• What this task involves
Restate word for word the lines of the material below, from the line with "冰岛风采,大山民舍羊群_图1-36" to the line with "Titel: Überblick über", both lines included, and no others.

• Task material
=====

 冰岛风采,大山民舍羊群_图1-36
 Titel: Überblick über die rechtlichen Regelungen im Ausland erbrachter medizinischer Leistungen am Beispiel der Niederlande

=====

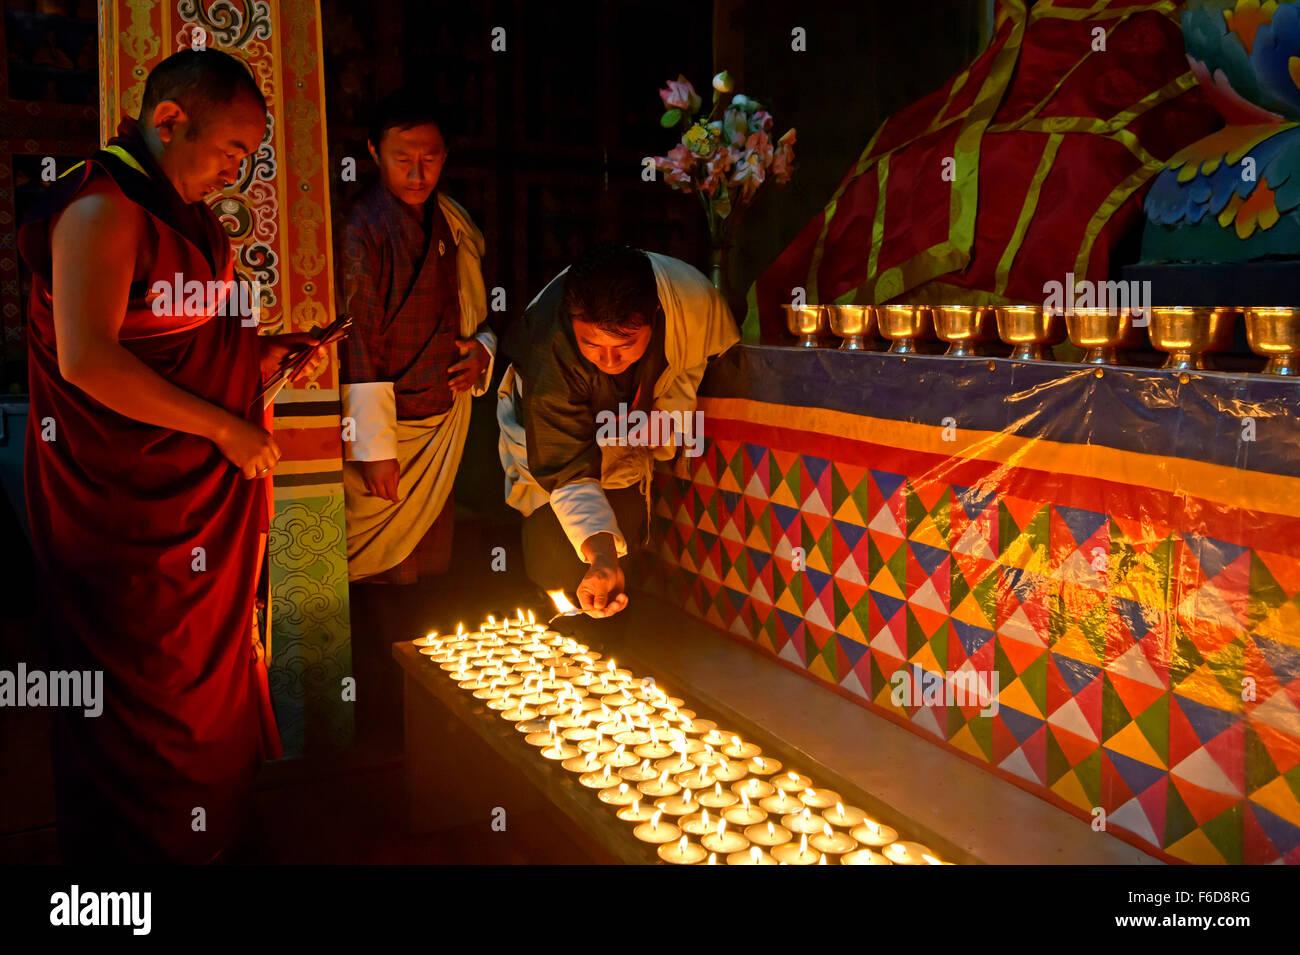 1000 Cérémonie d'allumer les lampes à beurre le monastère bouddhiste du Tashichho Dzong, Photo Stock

=====

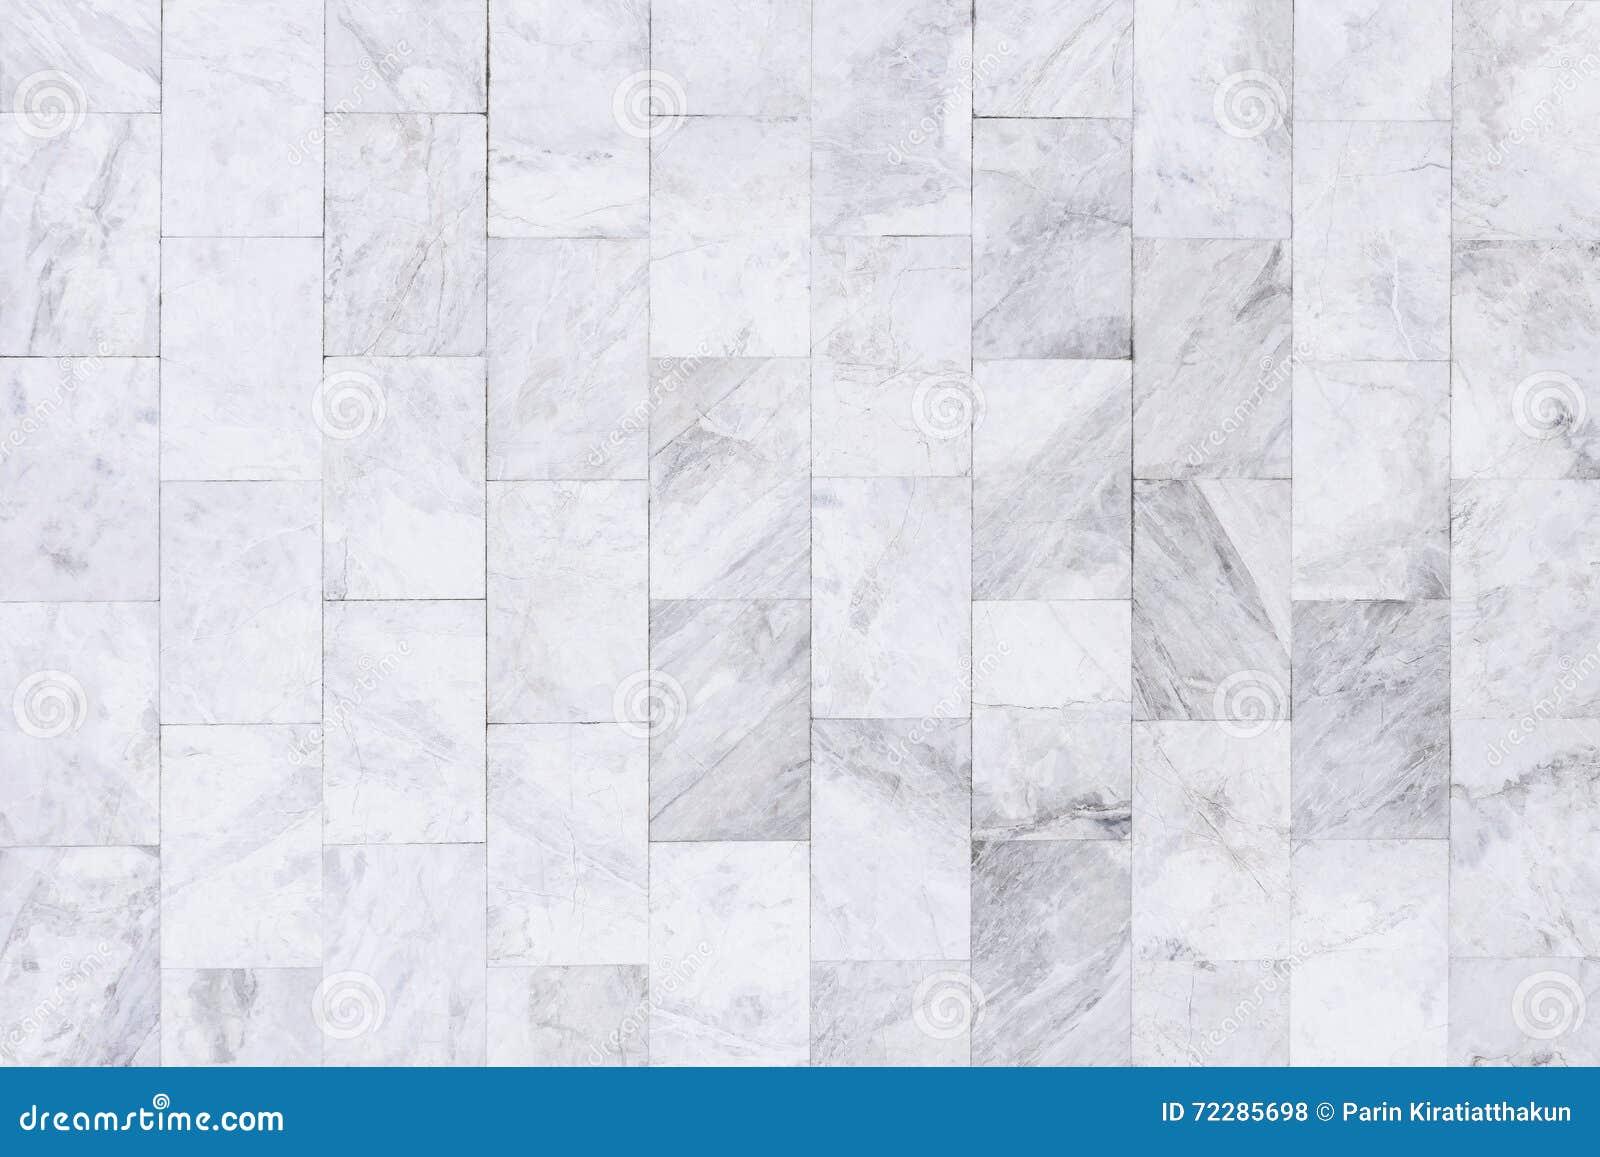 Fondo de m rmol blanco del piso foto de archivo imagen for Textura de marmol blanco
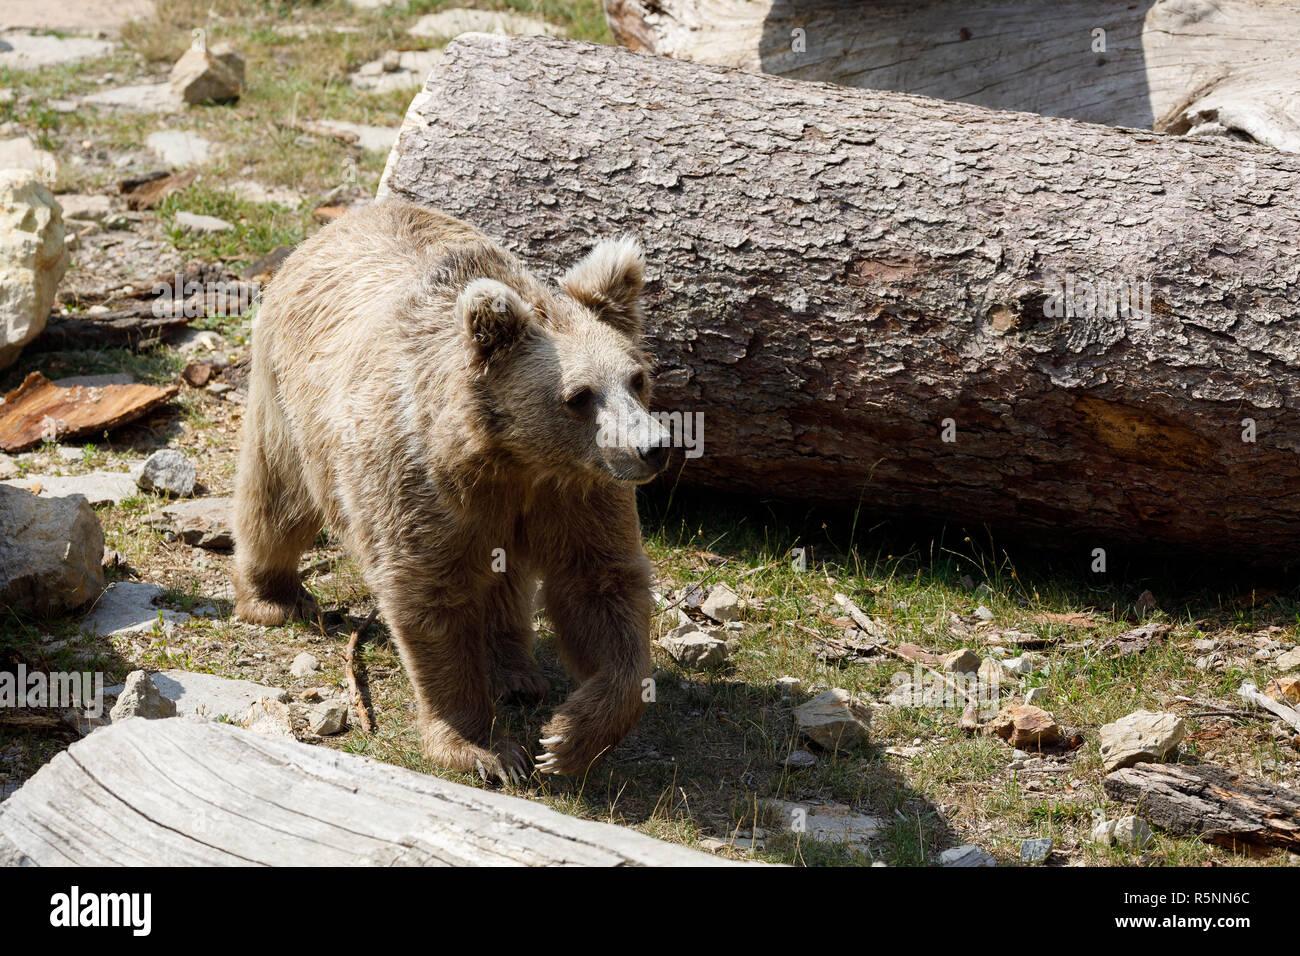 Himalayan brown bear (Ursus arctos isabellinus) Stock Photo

=====

• Solution to the exercise
 冰岛风采,大山民舍羊群_图1-36
 Titel: Überblick über die rechtlichen Regelungen im Ausland erbrachter medizinischer Leistungen am Beispiel der Niederlande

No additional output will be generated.